As a teenager, I did a fair amount of regular community service – and it wasn’t all just to soup up my college applications. I was souping up my soul.
My soul and I haven’t had much luck finding a regular, tolerable adult volunteer gig, but we haven’t stopped trying. Yesterday was “Monthly Volunteer Night” at a local chapter of a national non-profit association. I can now kiss this place goodbye too. All they should expect from me in the future is an annual check in the mail, if that.
There I was, stuffing envelopes in a cramped conference room with seven others. By the time I showed up, these others had quite a system and rapport going. We got to hear all about the alternative liberal arts colleges that a couple of them went to. I already know what goes on at those schools, so I wasn’t learning anything new. In fact, Northeasterners constantly assume that I’m a product of one of those schools. I don’t even like pot, but I apparently look and act like someone who does.

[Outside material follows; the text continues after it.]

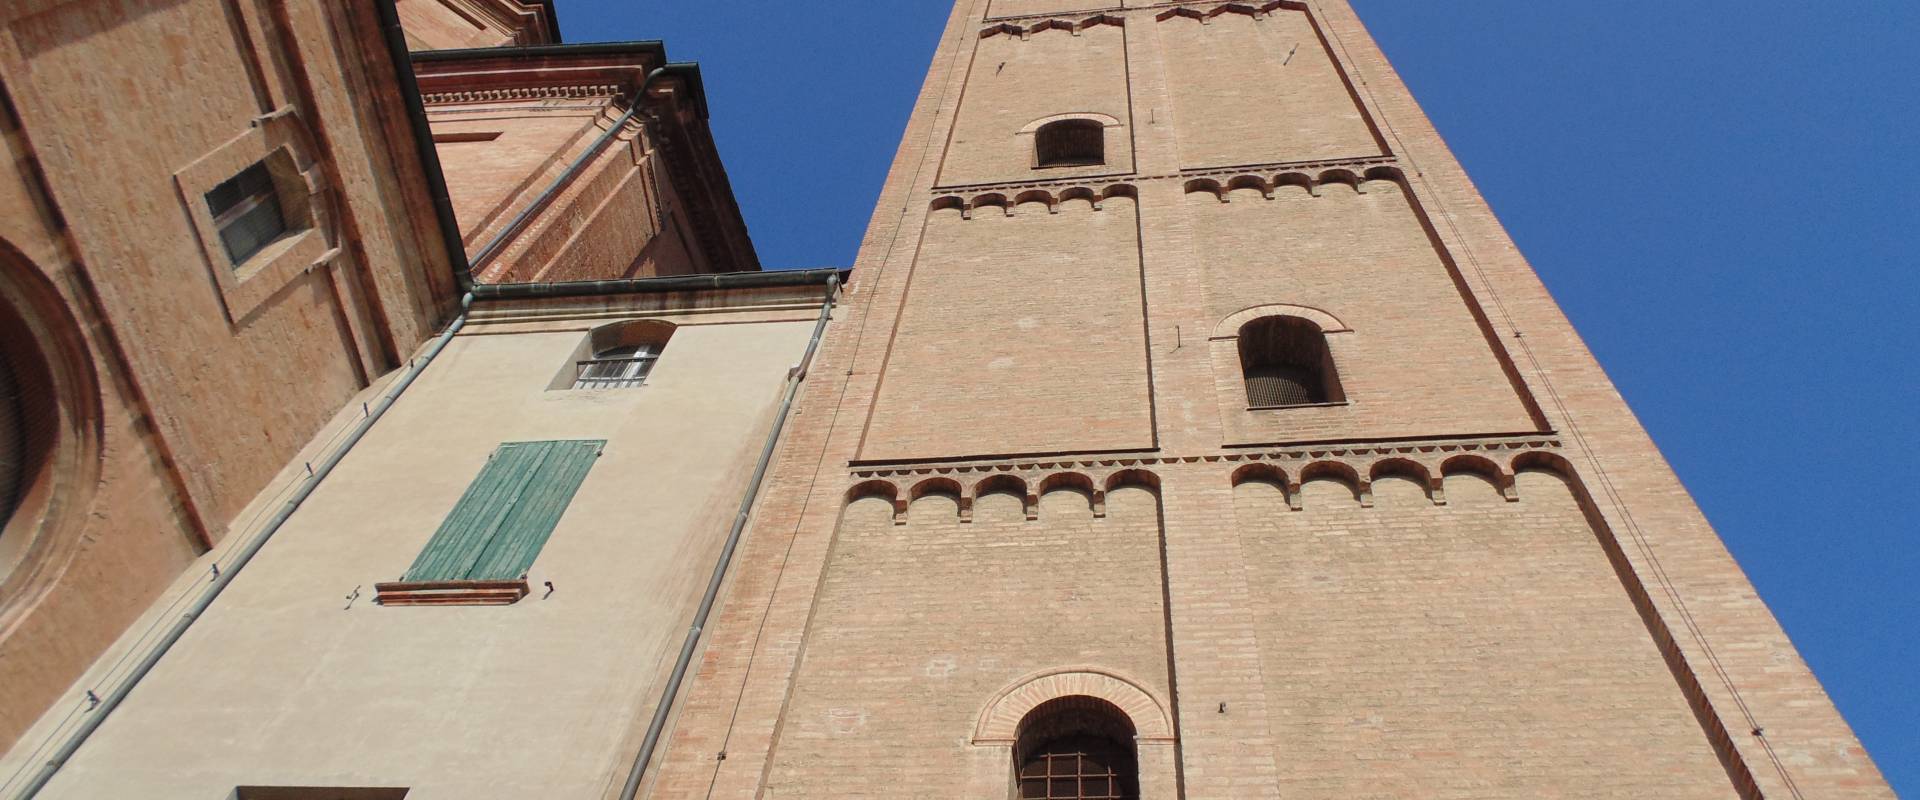 Chiesa cattedrale di San Cassiano (dettaglio campanile) photo by Maurolattuga

Since nobody stepped up to formally train me, I grabbed a stack of letters and went to work.
“You’re putting the labels on like that?” I heard someone ask. The room went silent. I eventually snapped out of my deep concentration enough to look up. She was talking to me.
“Oh. Uh, OK. From over here, it looked like you were doing something else. My eyes must be tired.”
She later dropped the bomb that she’s friends with Kandi (not NeNe) from the Real Housewives of Atlanta.
A few minutes later, I noticed there were cranberry-colored streaks on the fronts of some of the envelopes I was labeling. Those stains had to be coming from my hands. Here we really go - was it blood? Even better – the streaks were from my cheap nail polish that I’d been having technical difficulties with all day. Had to make sure Kandi’s Yankee friend didn’t catch wind of this one.
“So what’s everyone’s favorite ice cream?” someone asked.
Jesus, can I take my stack into another room, or into the hallway or the bathroom, and get these envelopes stuffed there? Don’t ask me a question like that unless the ice cream is on its way.
I really belong at an animal shelter a few hours a week, but I know I’d get too emotionally invested and end up carrying out a dog, cat, or rabbit at the end of every shift. And, from what I understand, there’s a mandatory T-shirt I’d have to wear.